**** RECORDS SHOWN ****

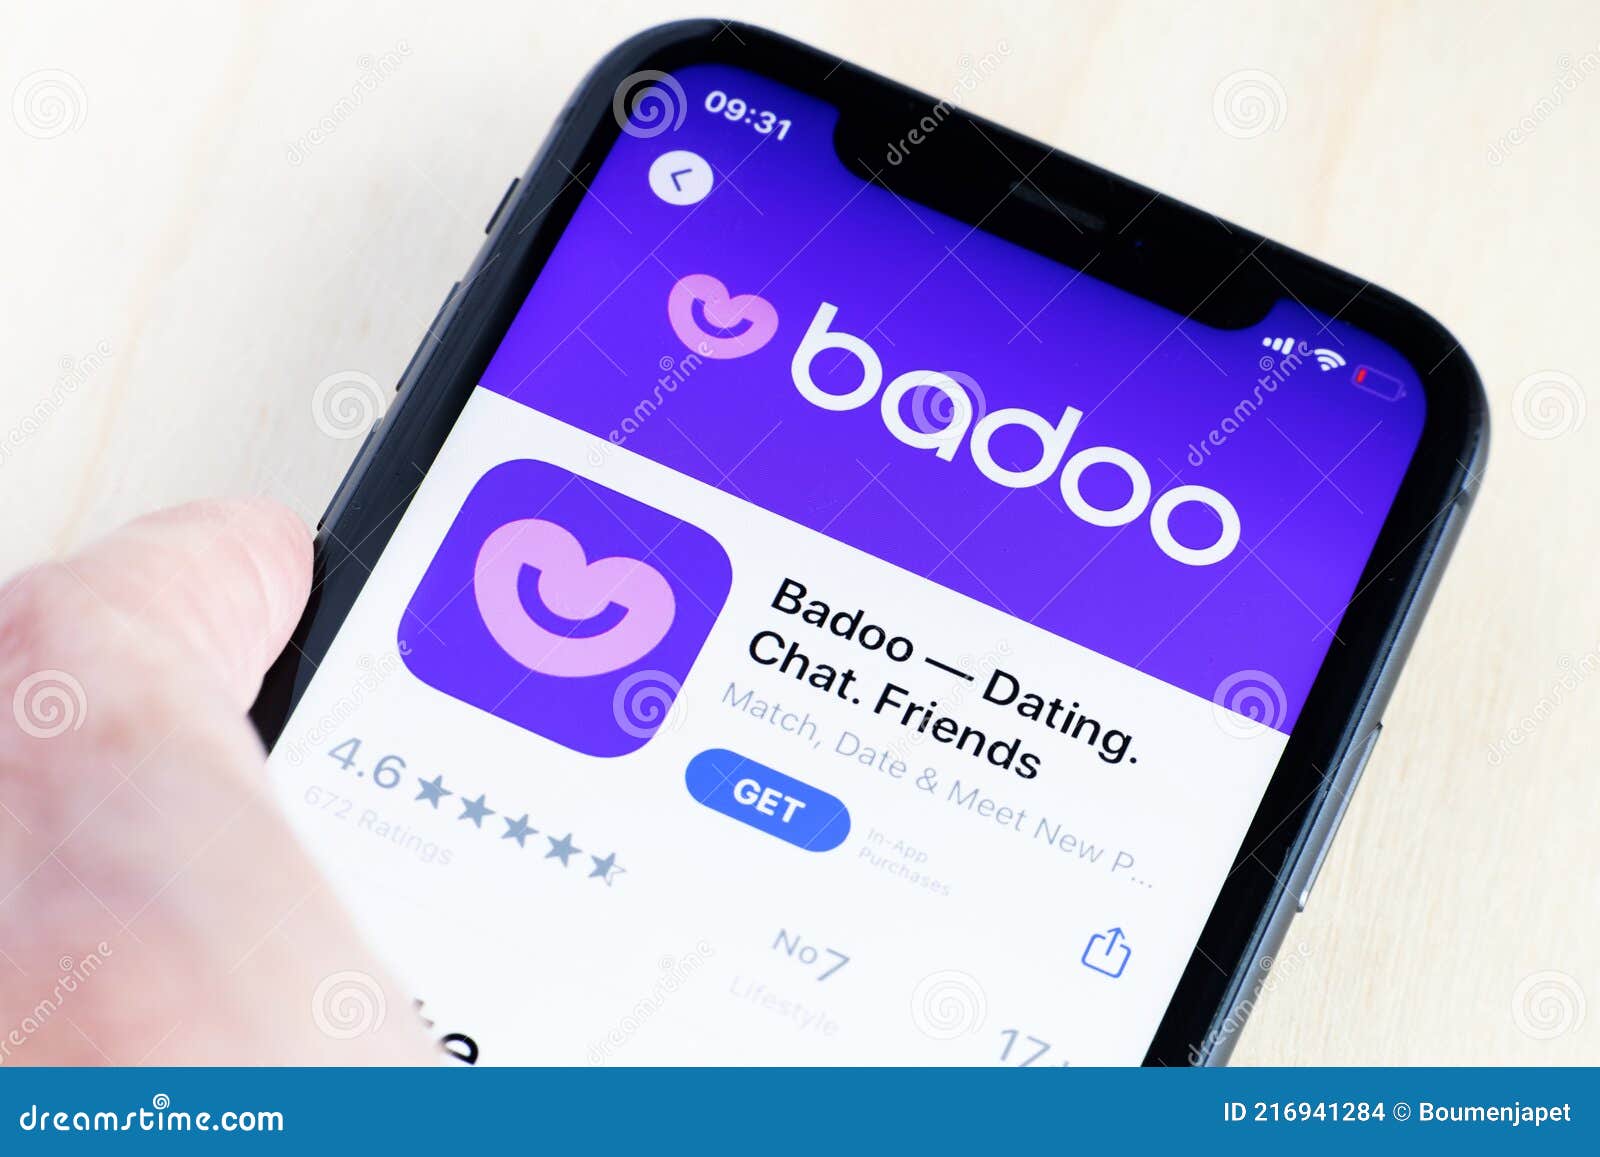 Badoo chat
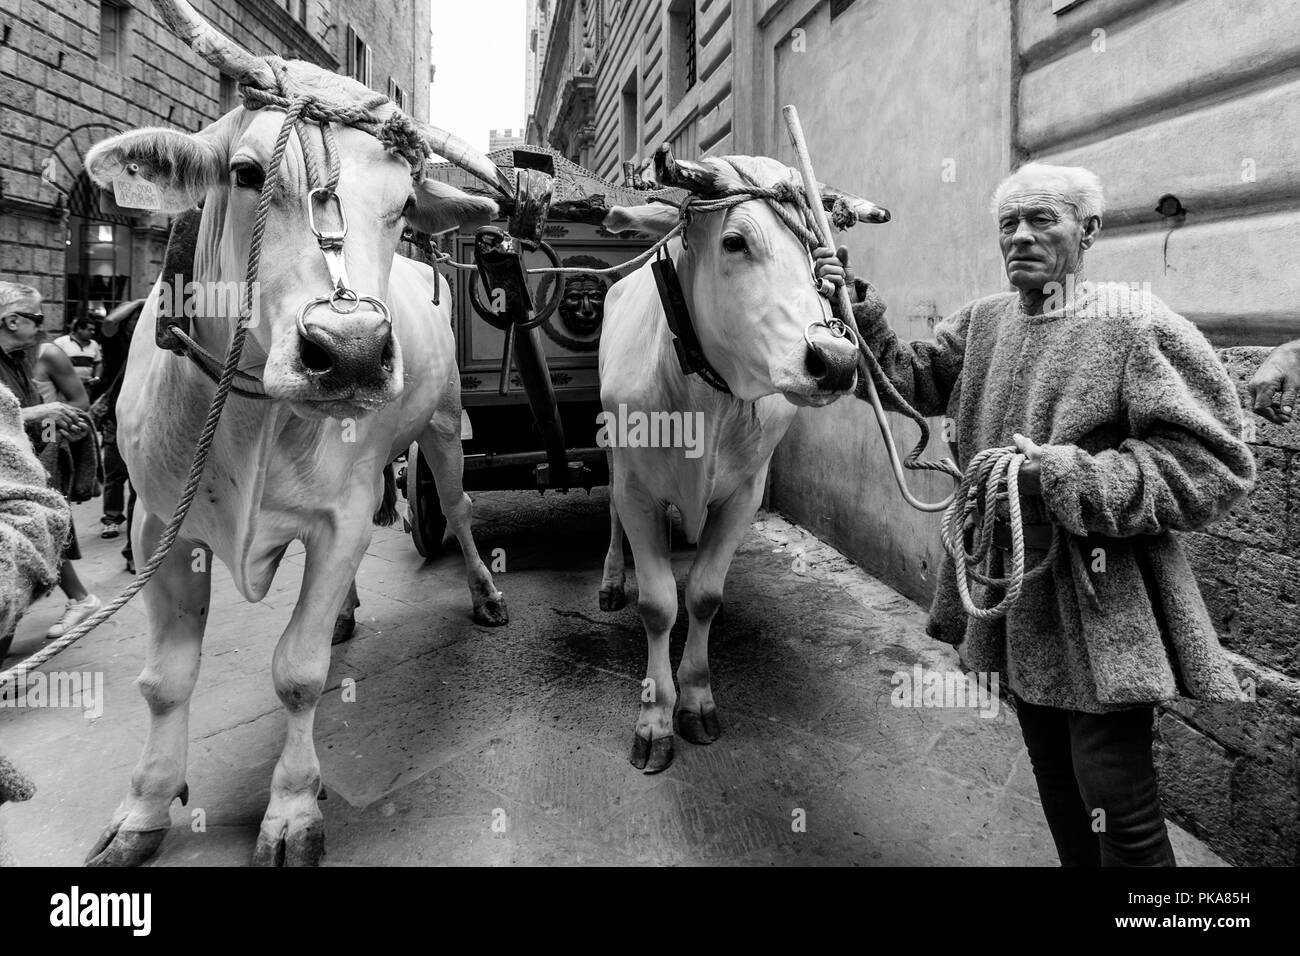 L 'traditionnels' sont des boeufs blancs ont défilé dans les rues de Sienne, le Palio di Siena, Sienne, Italie Banque D'Images
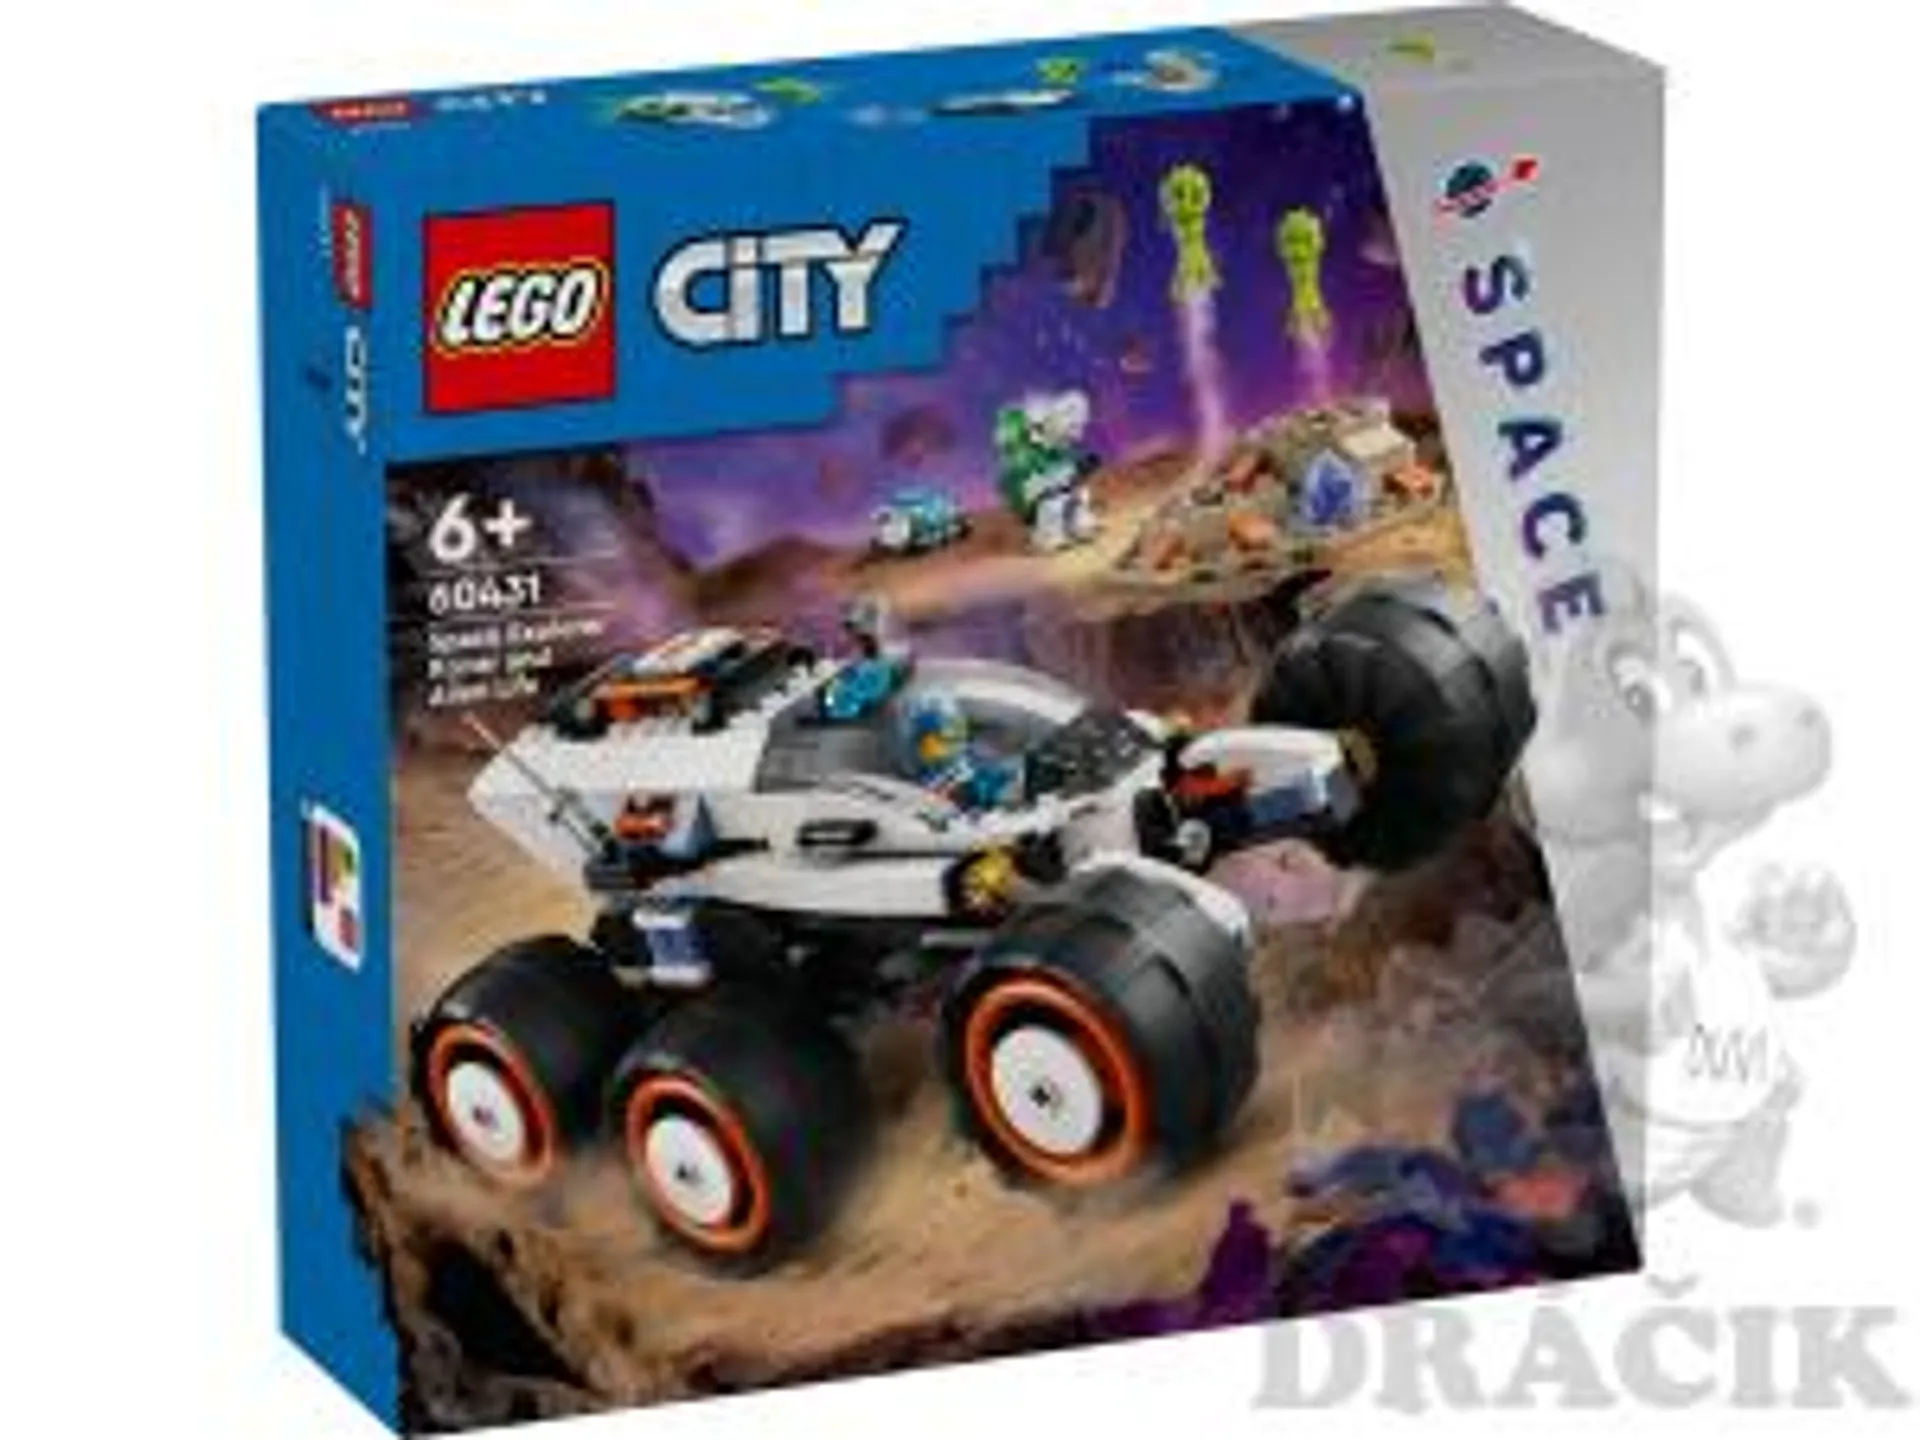 60431 Lego City - Prieskumné vesmírne vozidlo a mimozemský život
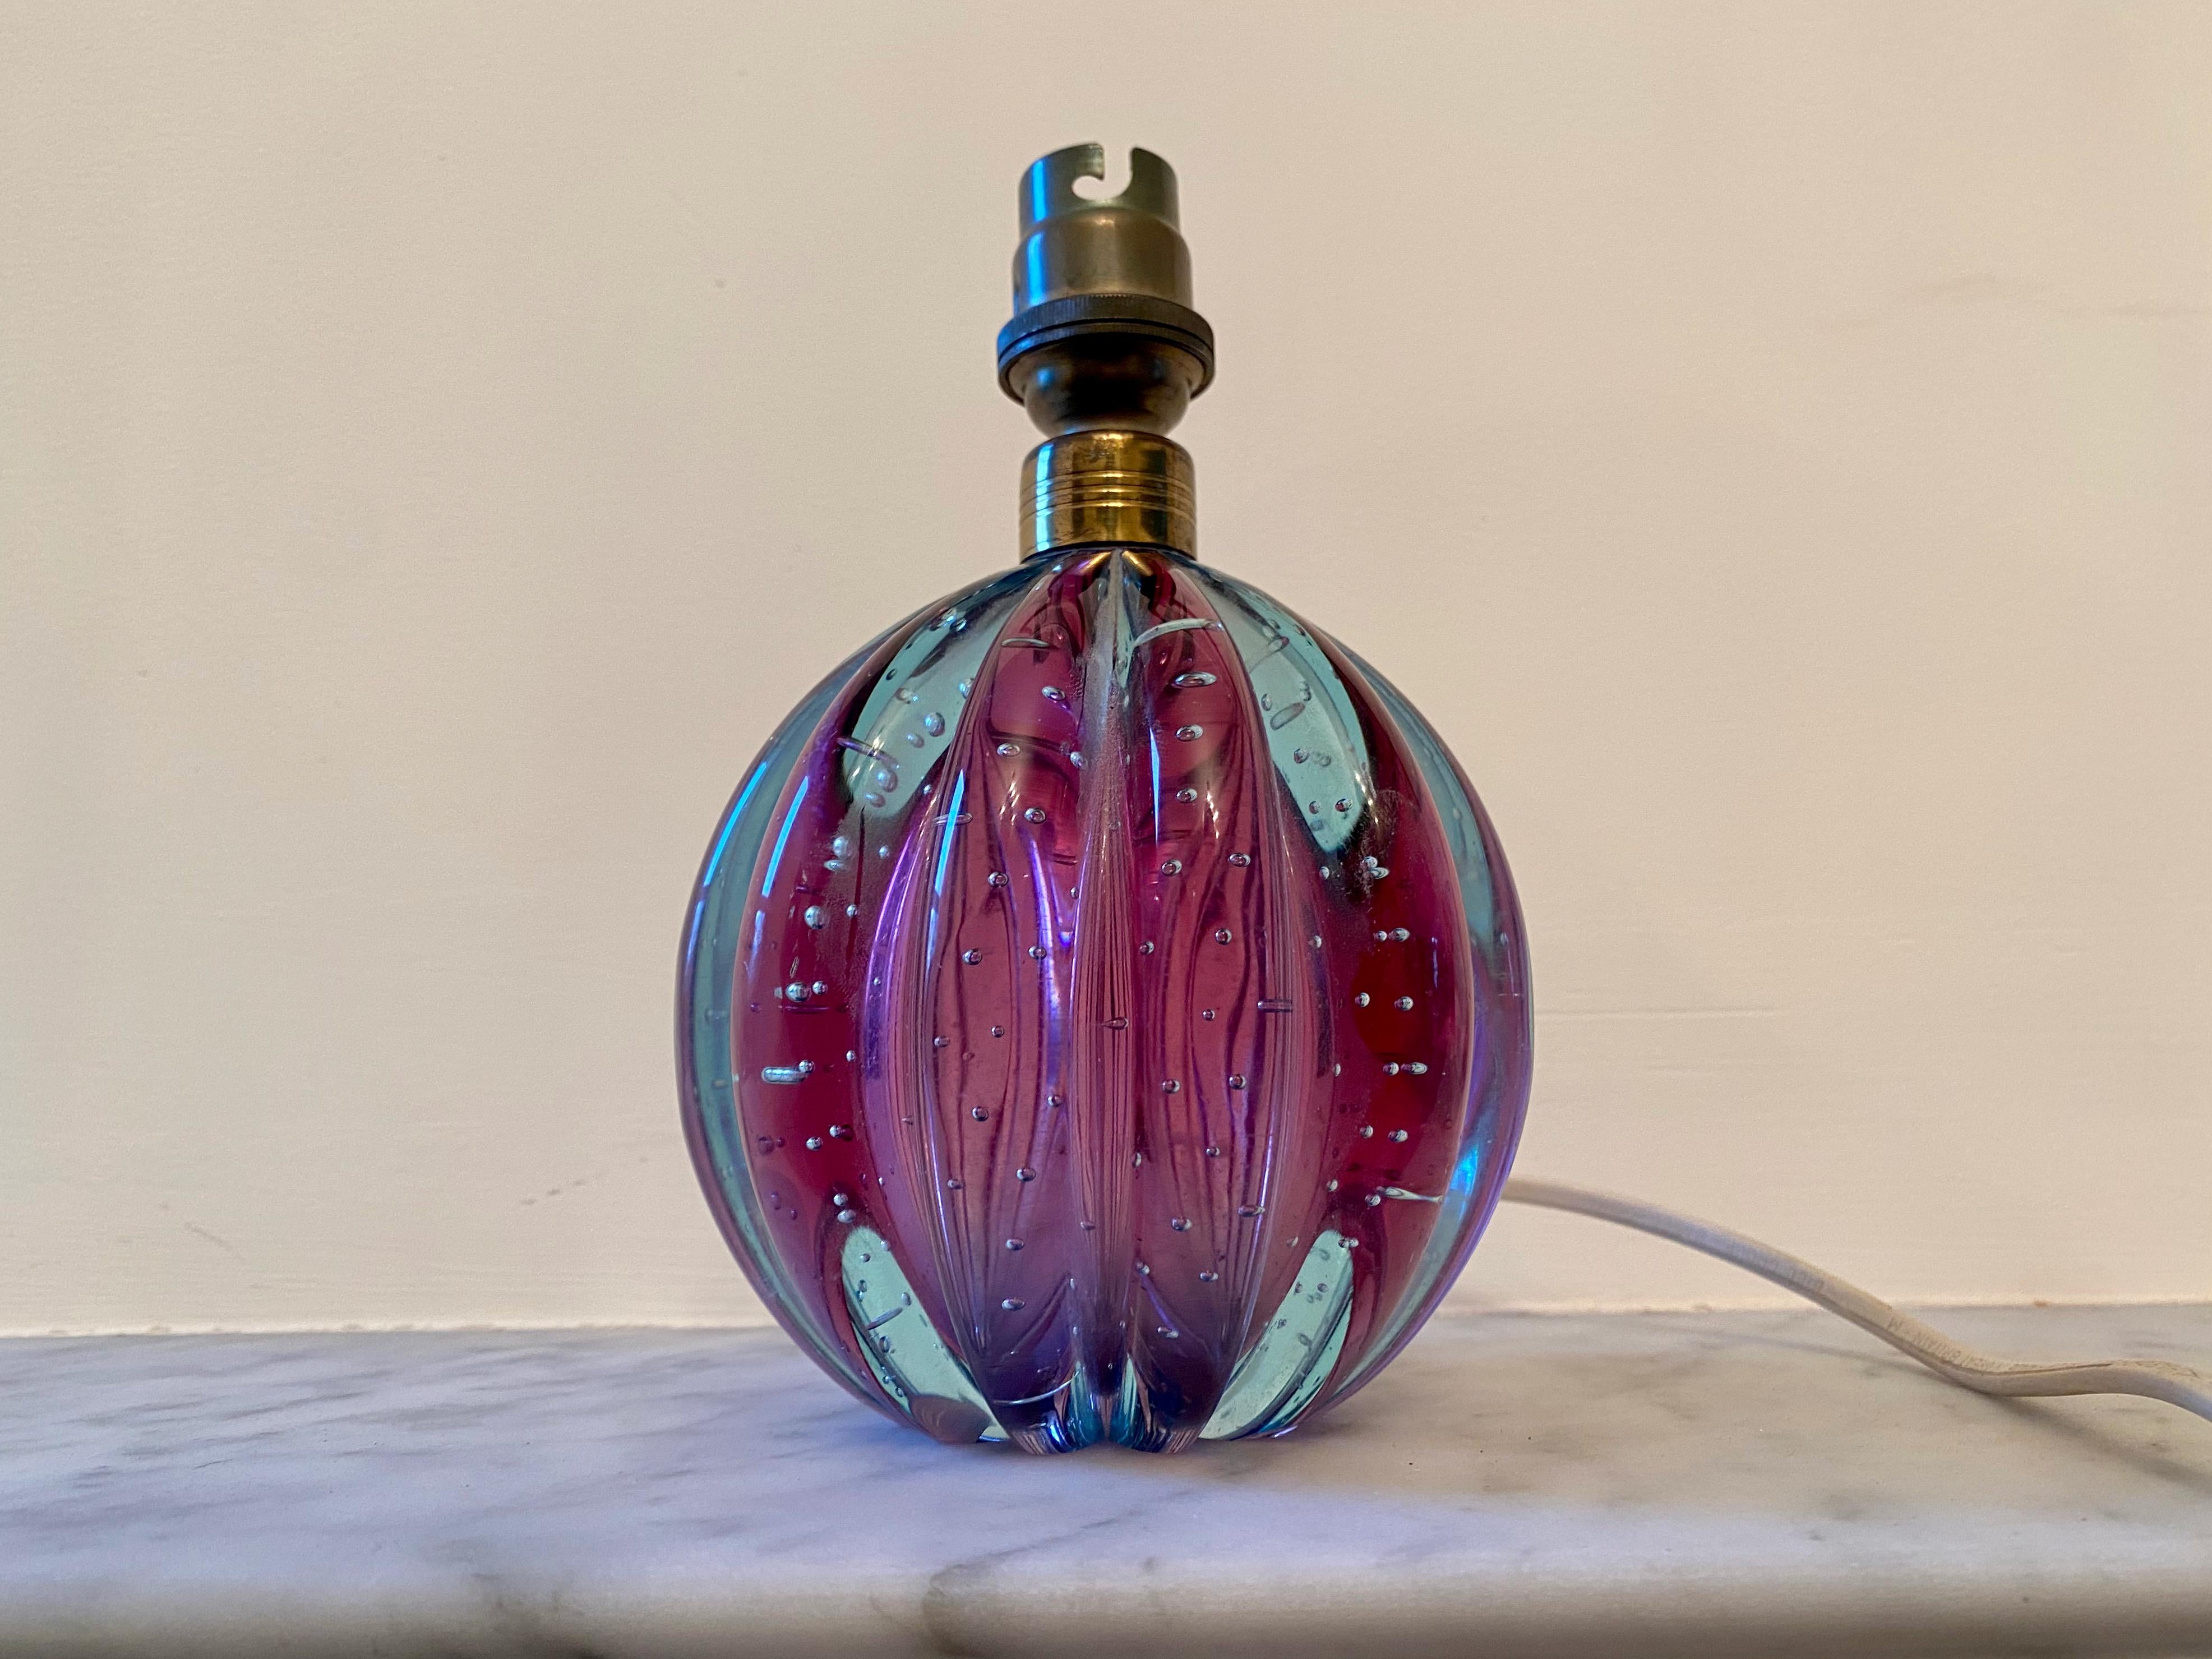 Murano glass lamp

Bullicante

By Seguso

Remnant of scalloped Murano label.

Purple/blue glass.

Italy 1950s/1960s.

****

**TASK REQUIREMENTS**.
Give back all of the entries verbatim, but without pictures.

**OUTPUT**.
 Badoo chat
 L 'traditionnels' sont des boeufs blancs ont défilé dans les rues de Sienne, le Palio di Siena, Sienne, Italie Banque D'Images
 60431 Lego City - Prieskumné vesmírne vozidlo a mimozemský život
 Murano glass lamp

Bullicante

By Seguso

Remnant of scalloped Murano label.

Purple/blue glass.

Italy 1950s/1960s.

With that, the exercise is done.